= What you have to do =
In the copy of the lines below, leave out pictures and print everything else exactly.

= Supplied data =

┄┄┄┄┄┄

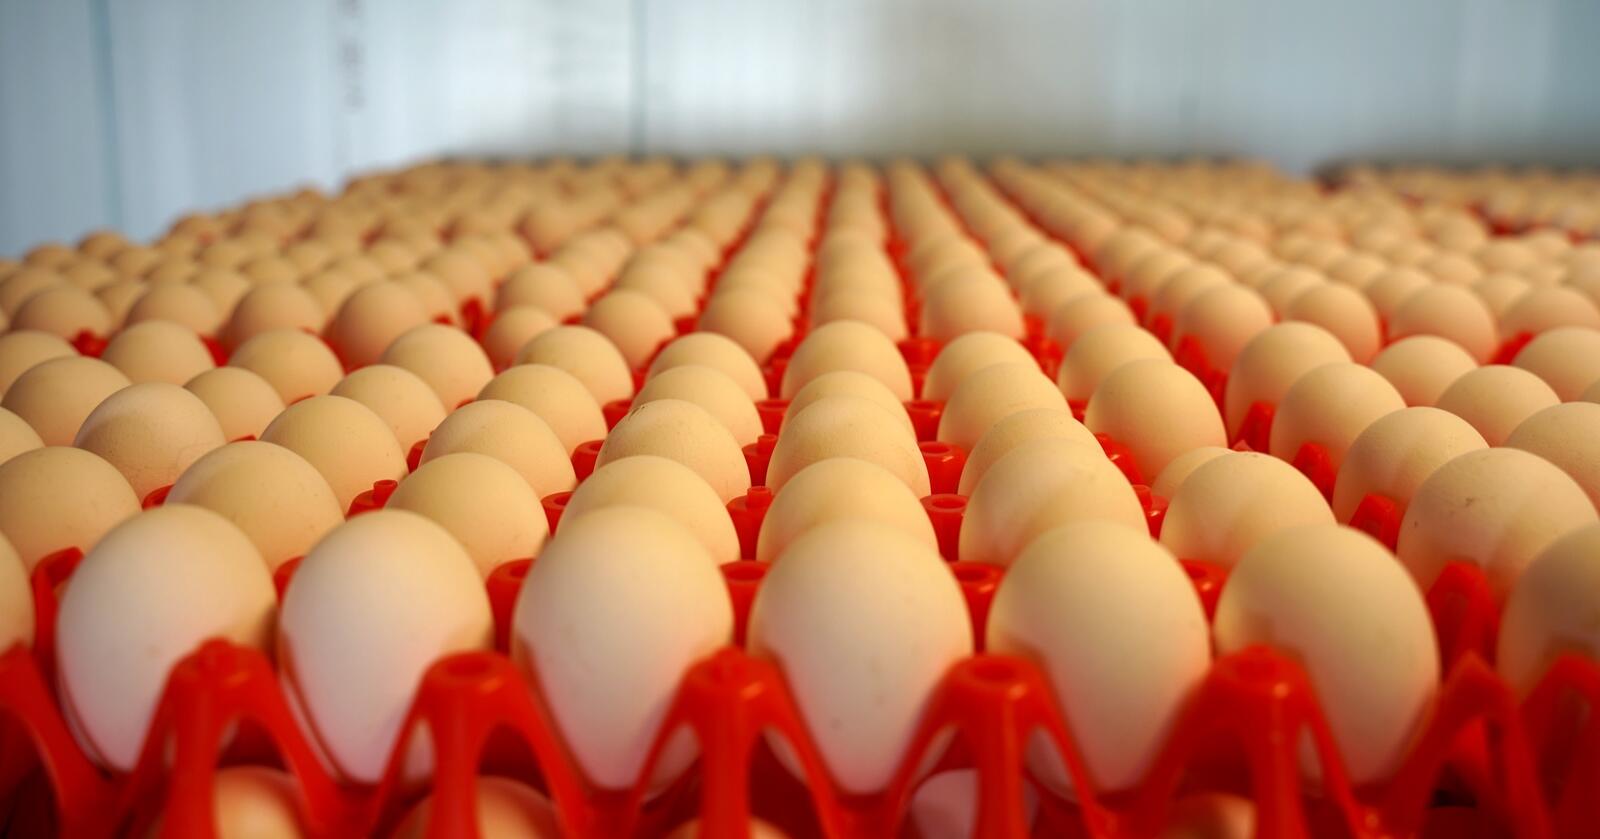 Overproduksjon av egg har ført til tiltak for å stanse bønder fra å produsere. Foto: Lars Bilit Hagen
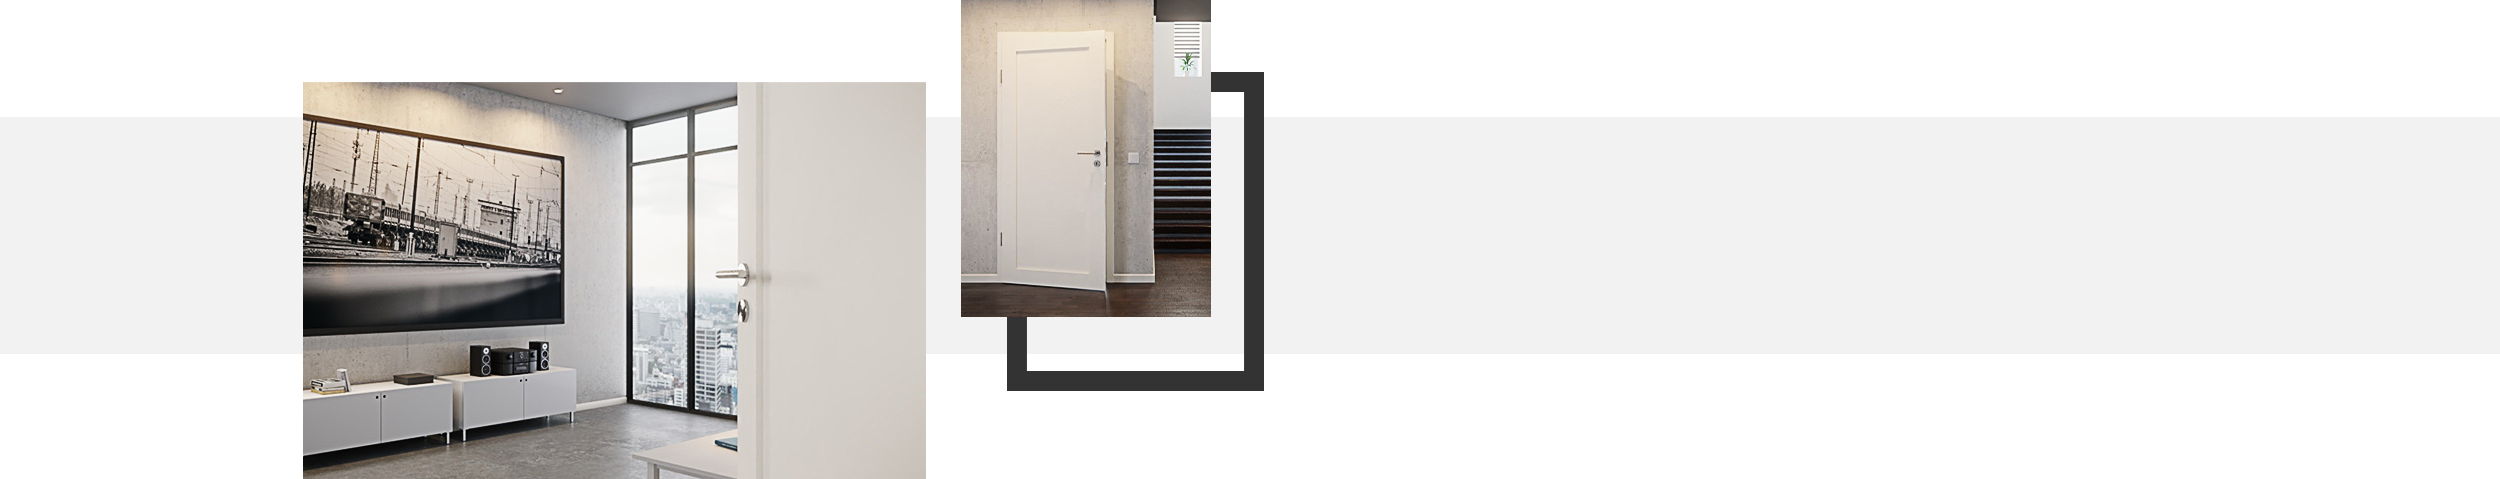 Moderne Stiltüren der Modell-Linie Weißlack Typ 25 online kaufen
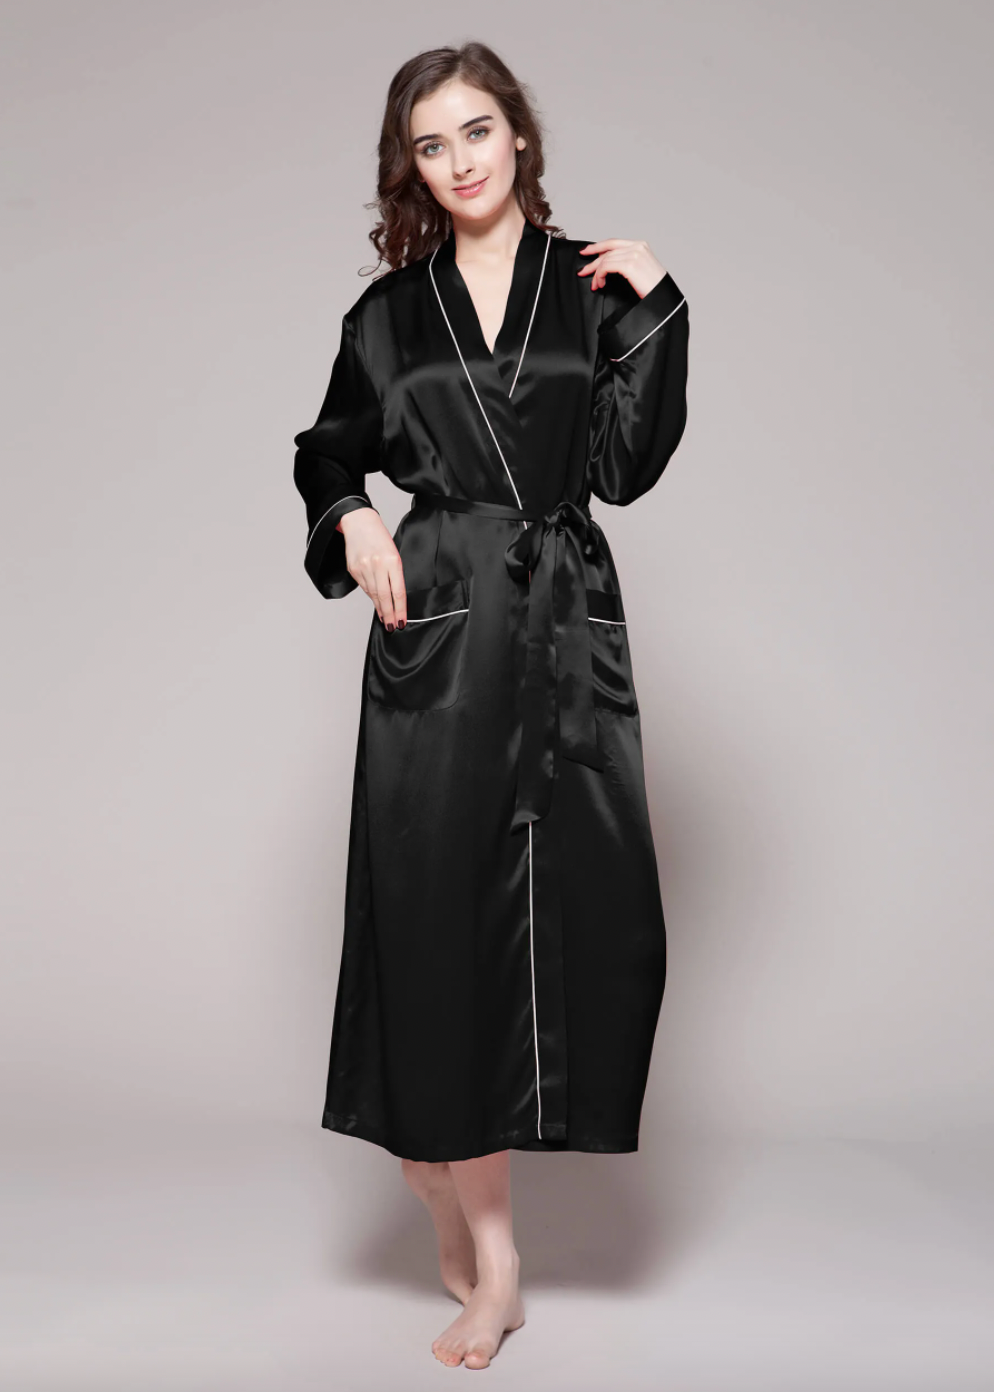 PRODESIGN Satin Kimono Robe with no Lace (Black) : Amazon.in: Home & Kitchen

┄┄┄┄┄┄

= Your solution =
 Overproduksjon av egg har ført til tiltak for å stanse bønder fra å produsere. Foto: Lars Bilit Hagen
 Moderne Stiltüren der Modell-Linie Weißlack Typ 25 online kaufen
 PRODESIGN Satin Kimono Robe with no Lace (Black) : Amazon.in: Home & Kitchen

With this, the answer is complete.